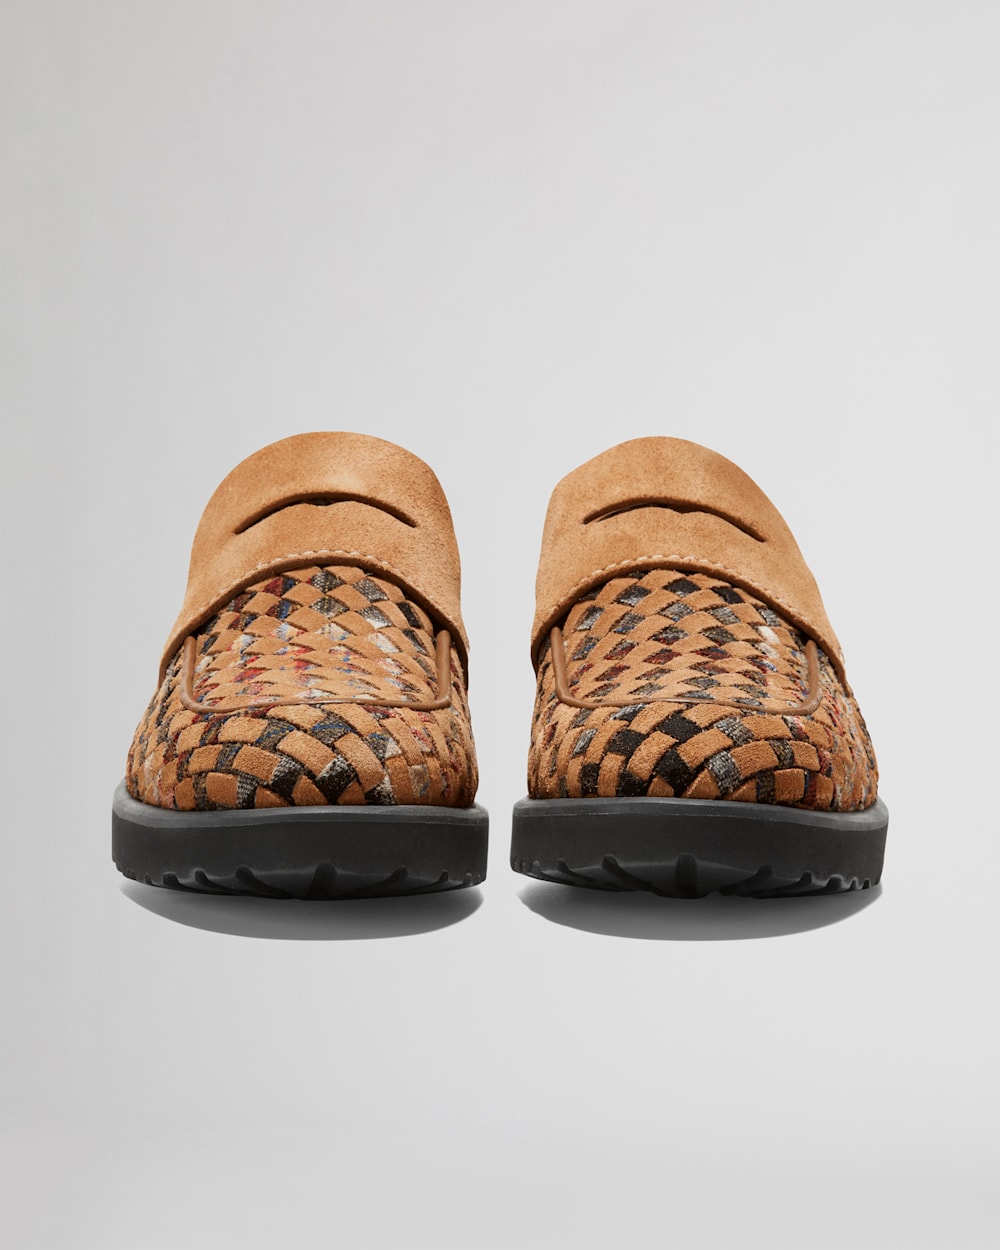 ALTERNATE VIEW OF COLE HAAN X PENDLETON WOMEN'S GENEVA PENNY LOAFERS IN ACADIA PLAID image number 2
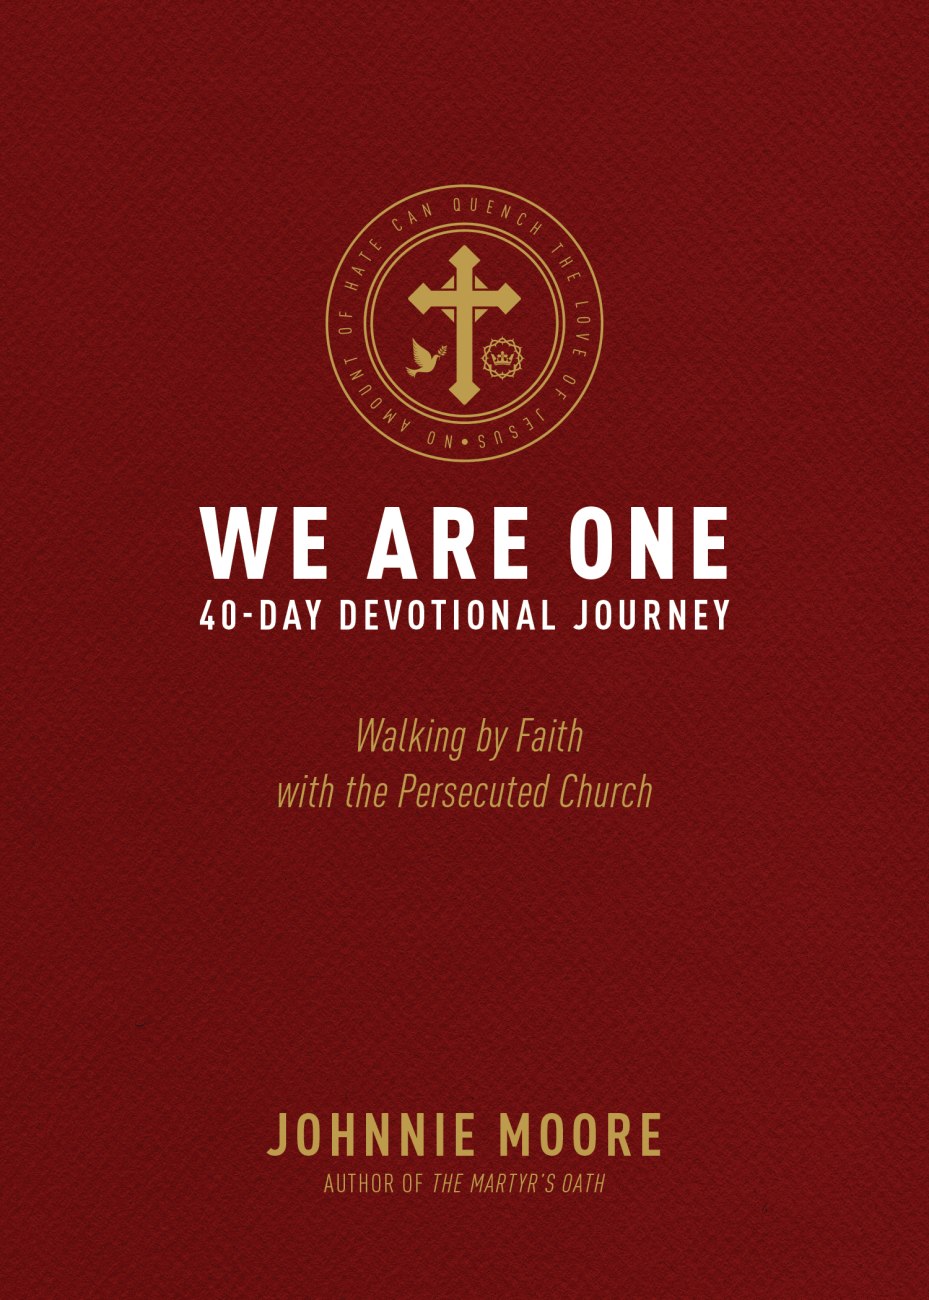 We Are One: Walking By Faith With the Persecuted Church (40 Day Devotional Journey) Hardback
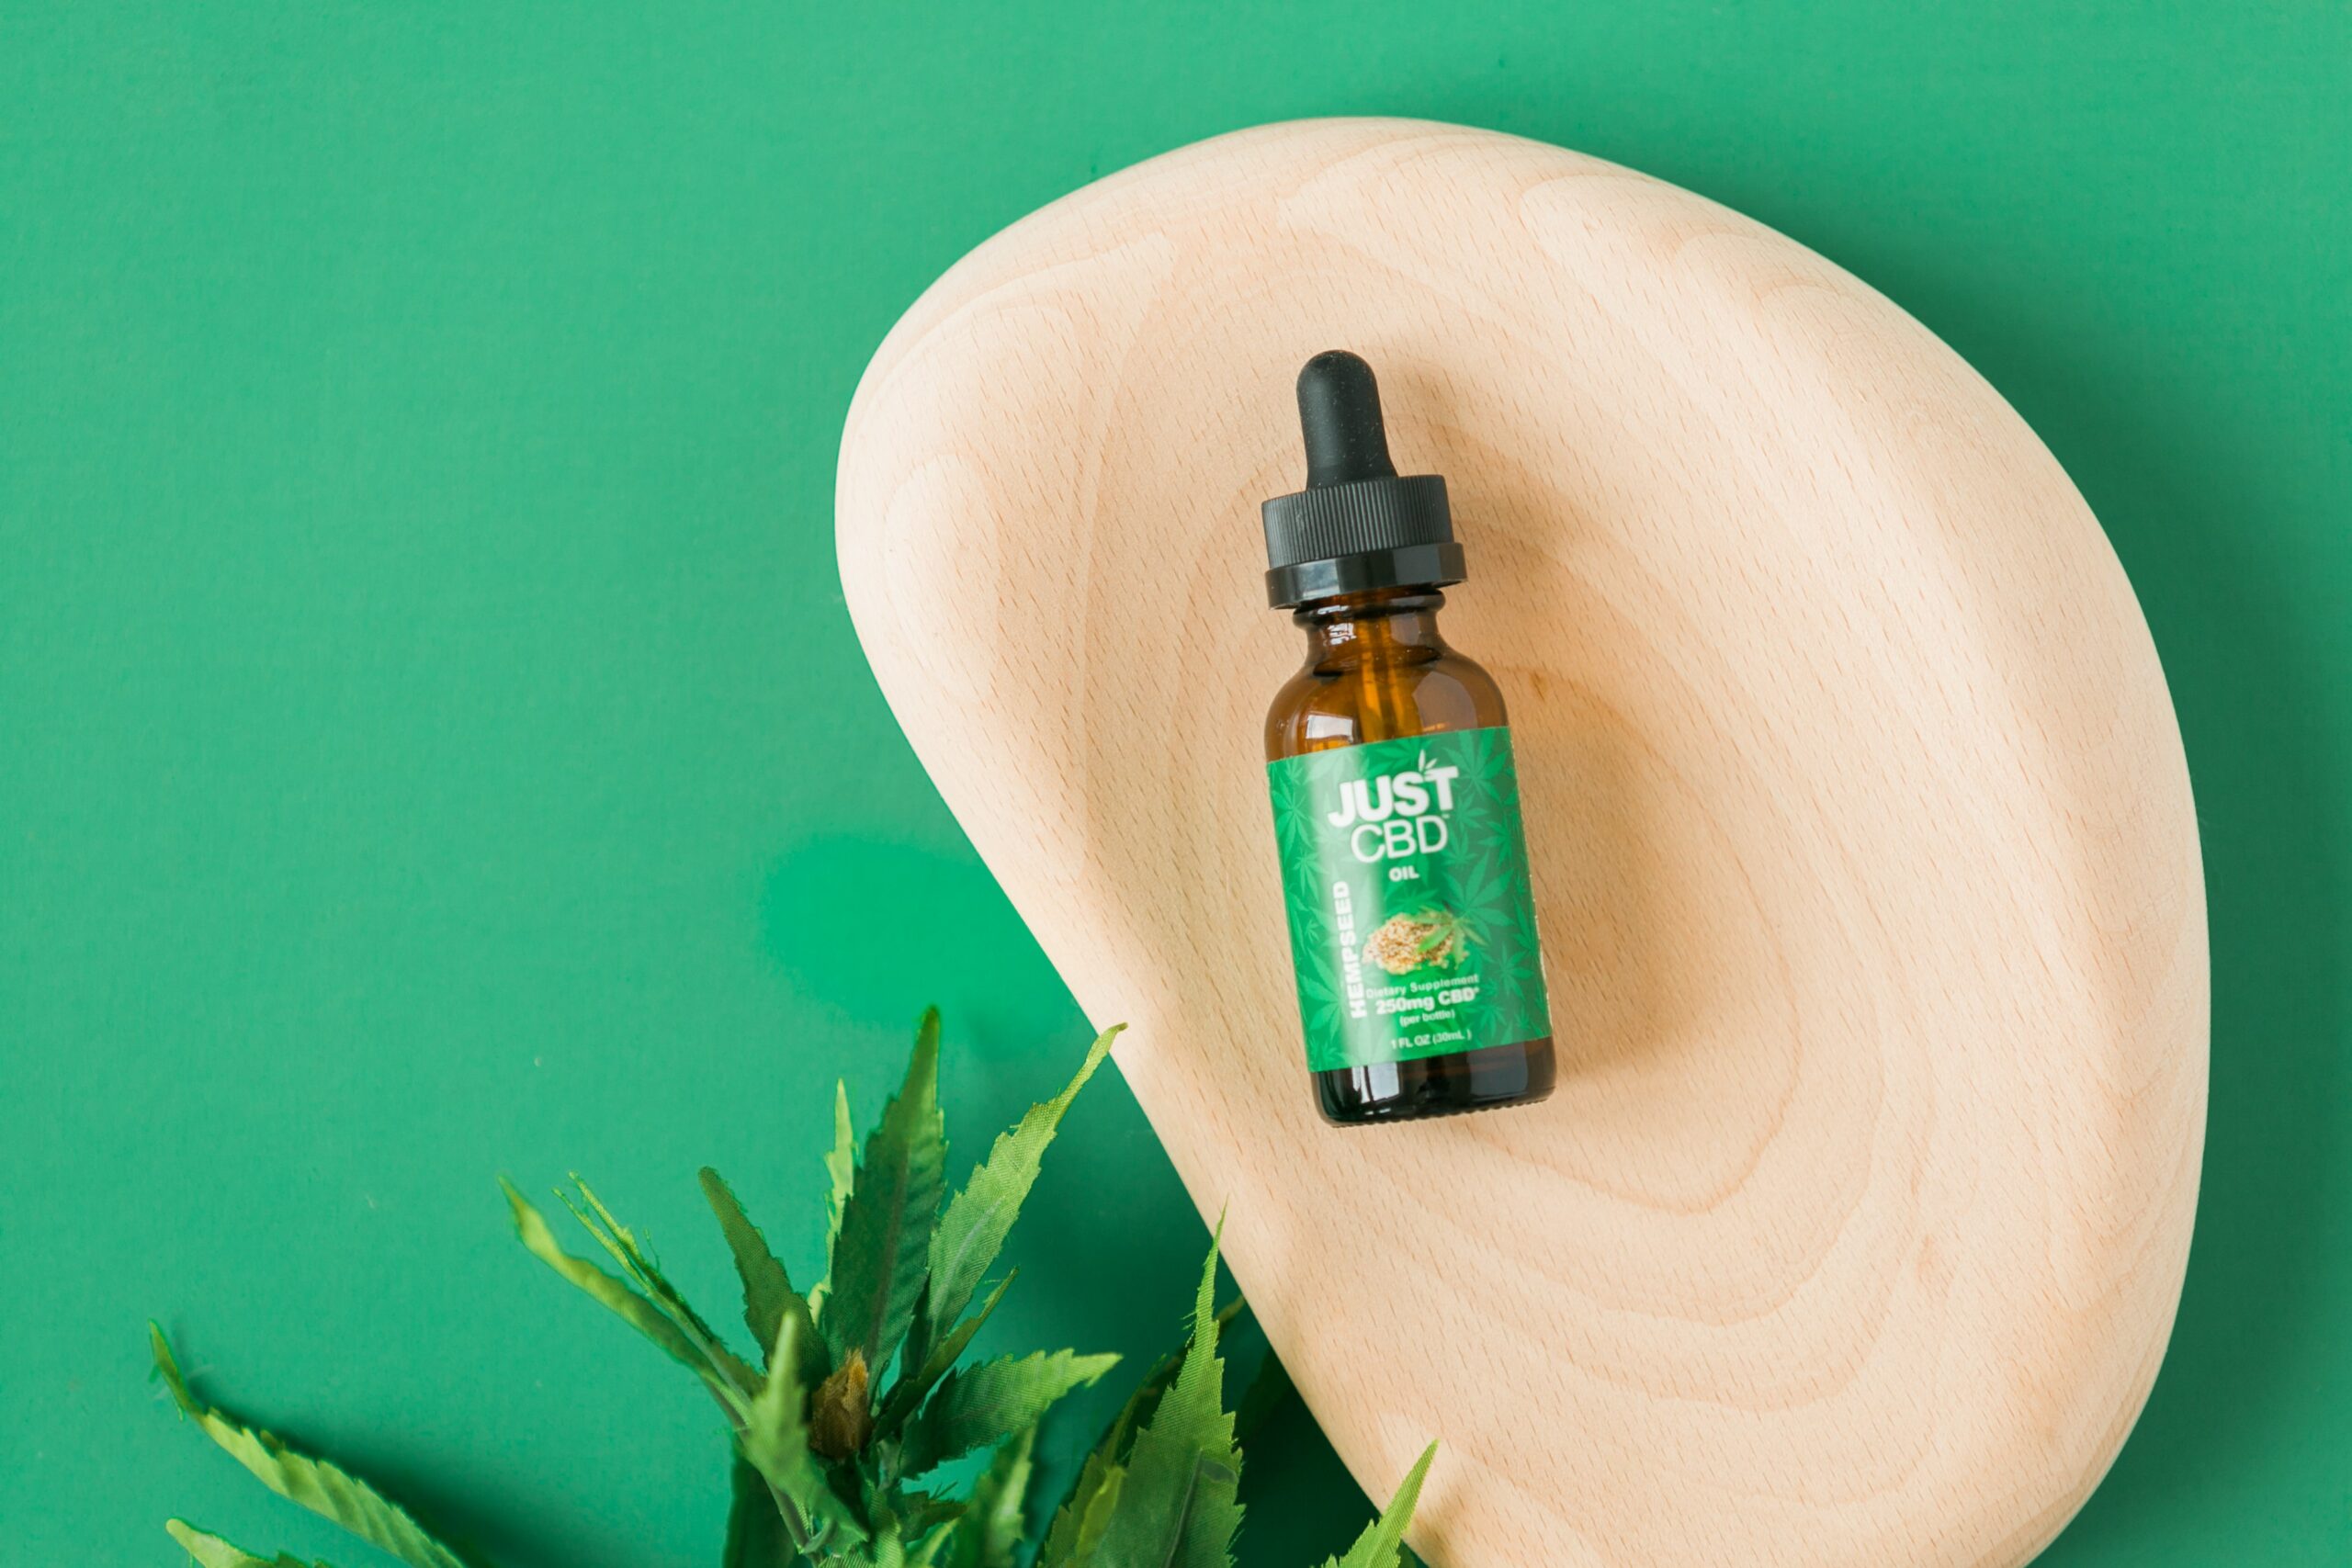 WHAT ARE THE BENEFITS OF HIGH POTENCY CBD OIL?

What you are asked to do:
If the data includes images, omit them, and set down everything else exactly as above.

Finished task:
 ALTERNATE VIEW OF COLE HAAN X PENDLETON WOMEN'S GENEVA PENNY LOAFERS IN ACADIA PLAID image number 2
 We Are One: Walking By Faith With the Persecuted Church (40 Day Devotional Journey) Hardback
 WHAT ARE THE BENEFITS OF HIGH POTENCY CBD OIL?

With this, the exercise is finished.